Securities litigation in the UK is on the rise and we are at the forefront of its development, with market leading experience and deep expertise.
We advise on the full spectrum of issues arising from the growth of securities litigation in the UK, including the potential availability of recovery opportunities (compensation) for institutional investors and major shareholders in UK public companies.
Compensation is available for investors (ie shareholders) in public companies who suffer loss when, typically, the share price of the public company drops after bad news about the company is released, when that news should have been released earlier. Essentially, securities litigation is designed to encourage disclosure and transparency and to facilitate the efficient operation of the market.
Securities litigation may be considered when a UK publicly listed company (PLC) (1) has not properly or adequately disclosed a material piece of information to the market in a timely fashion, and (2) suffers an impact to its share price when the ‘true’ information is disclosed.
In the UK, securities litigation is a creature of statute, with the causes of action found in either section 90 or section 90A of the Financial Services & Markets Act 2000 (FSMA). These provisions seek to enshrine norms of good corporate behaviour, to permit and encourage the efficient and transparent operation of the stock market, and thereby to let the market (not the PLC) set the proper price for a PLC’s shares.
Fox Williams is preparing to file the following group claim on behalf of institutional investors.
If you are an institutional investor and would like to join the group claim please click the link for more detail.
Successfully representing 234 institutional shareholders seeking +£1b in compensation in securities litigation against Tesco PLC. Proceedings were commenced in September 2020 (just before limitation expired) and recently successfully settled (as announced by Tesco in its half year results in October 2021).
Currently ‘book-building’ a combination s90/s90A securities litigation group action against a major commodities producer and trader PLC, with more than 120 investors signed up already with estimated losses in excess of the commercial viability threshold.
Currently assessing the commercial viability for a s90A securities litigation case against a fast growing fashion online retailer.
Recently considering the viability of a securities litigation claim against a global clothing fashion brand, arising from the large drop in the brand’s share price following their disclosure in December 2019 and again in January 2020 that it had materially overstated the value of its inventory when it had published its Annual Report in May 2019 and thereafter.
Acting for a group of institutional investors seeking compensation from a national supermarket chain arising from the large drop in share price following the supermarket’s disclosure in September 2014 that it had materially misstated the level of its commercial income within the expected half yearly profits which it had published in August 2014.
Why is securities litigation growing in the UK?
As a major economy, the UK is the headquarters or primary operating centre of many of the world’s largest companies, including but not limited to financial institutions, and many of these are publicly listed on the main market of the London Stock Exchange or on AIM. Many of the world’s largest and most sophisticated institutional investors are located in the UK.
Until recently, however, securities litigation against misbehaving PLCs was not undertaken in the UK. But this has changed, and in the last five-seven years we have now seen three-four major cases in this area.
Is there regulatory support for securities litigation?
Yes, there is regulatory and policy support for securities litigation, as policy makers and corporate regulators in the UK and internationally recognise the positive benefits of private securities litigation in driving deterrence objectives, encouraging better corporate behaviour and governance, and enabling investors to obtain redress.
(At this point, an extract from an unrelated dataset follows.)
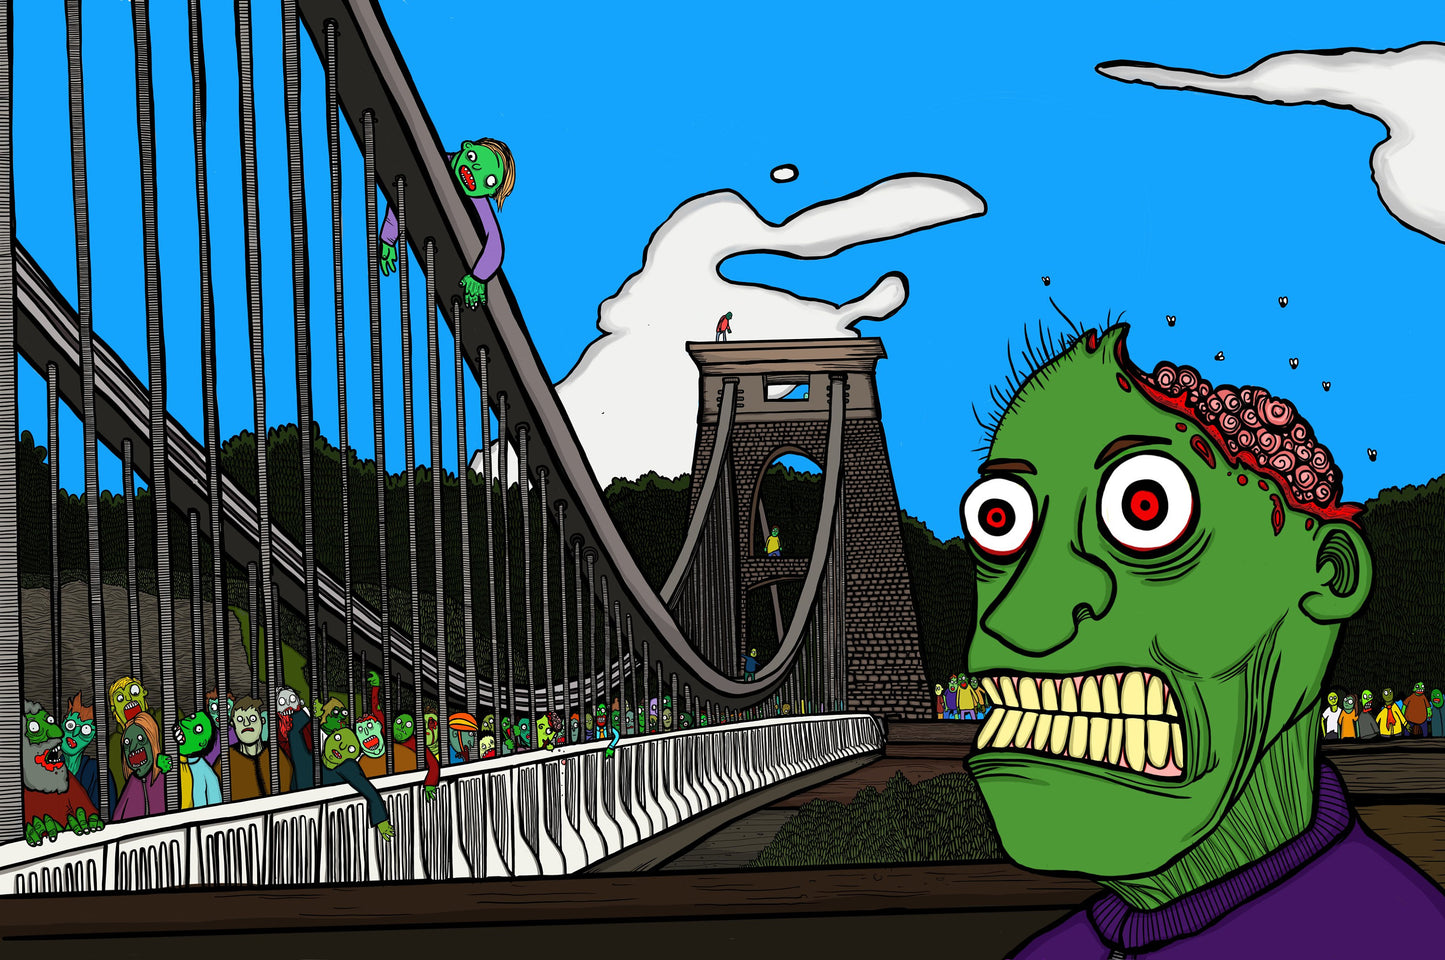 Zombies vs Clifton Suspension Bridge Print
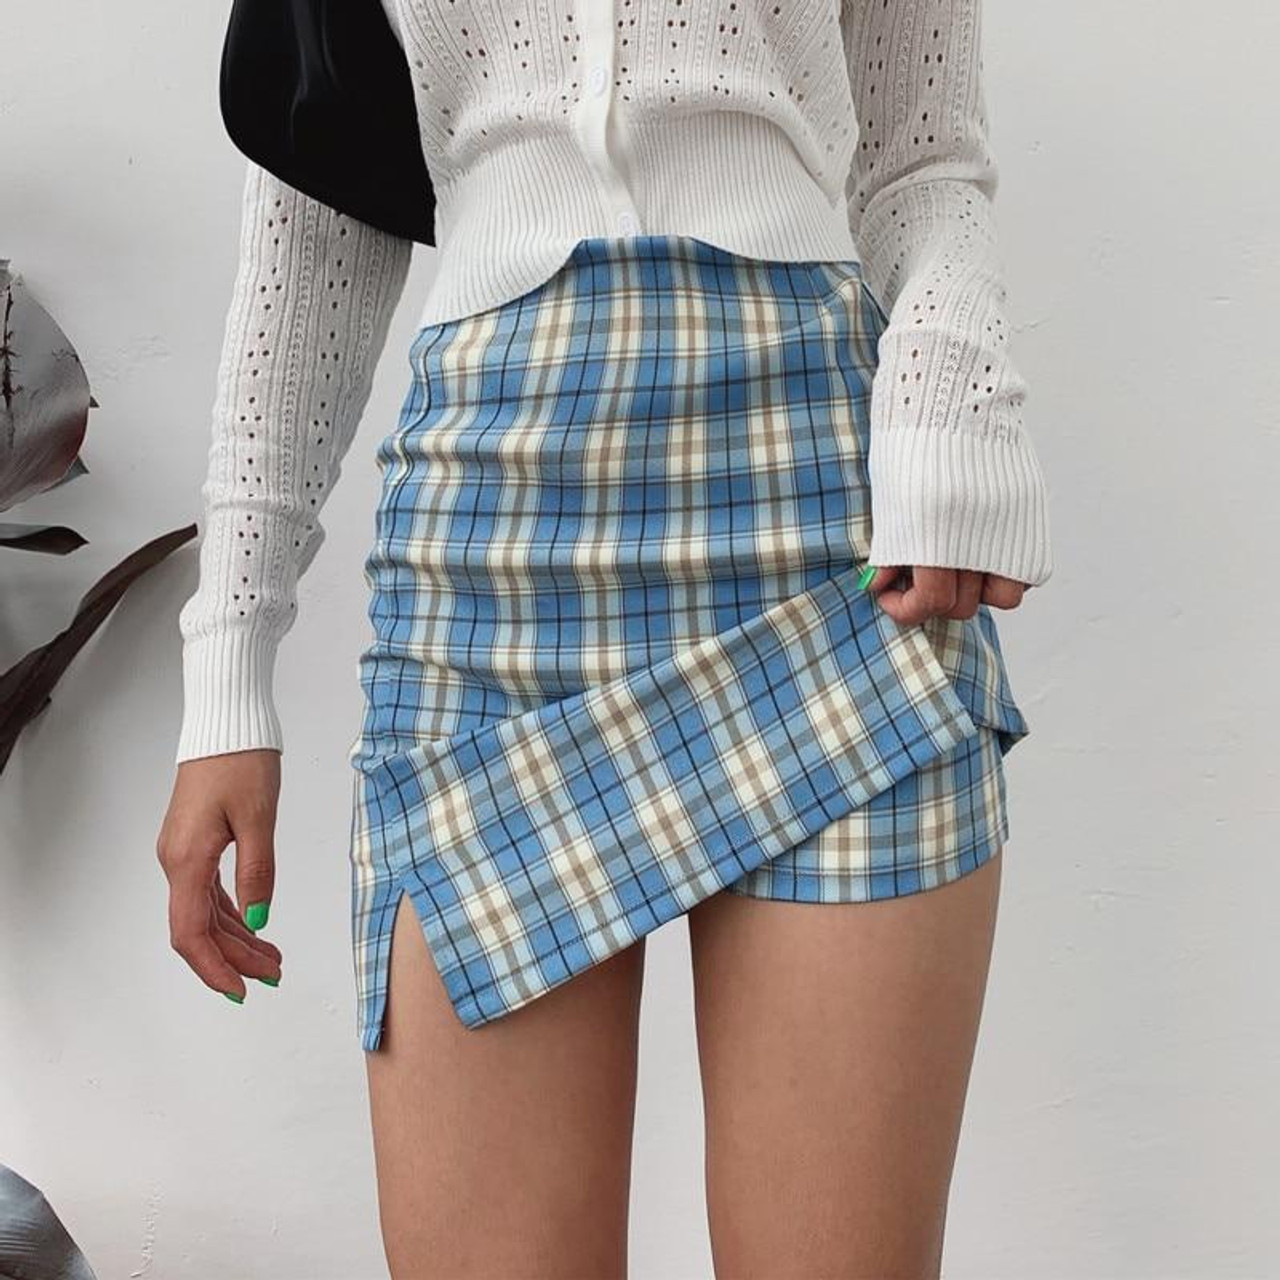 Women Seamless Safety Short Pants Under Skirt Shorts Modal Elastic Short  Tights

This is especially so in circumstances where regulators are sometimes stretched to discharge their functions and can see private securities litigation as being both complementary and supplementary to the investigatory and enforcement actions which they have the capacity to undertake.
Should securities litigation be seen as part of a governance framework?
Yes, securities litigation should be seen as part of a framework that includes the UK’s Corporate Governance Code (2018) and the UK’s Investor Stewardship Code (2019), each of which is designed to encourage improvements in corporate governance, including better corporate disclosure, at the public companies in which we invest.
Whether co-incidentally or not, securities litigation in the UK is increasing at a time when the availability of third party funding and of innovative alternative fee arrangements has also developed. This has allowed institutional investors who have suffered a loss to participate in securities litigation, if they choose, with no downside risk and no cost to their balance sheet. Securities litigation can be brought without litigation financing, but more often than not it will be brought with the support of litigation finance or alternative fee arrangements where risk and reward are shared.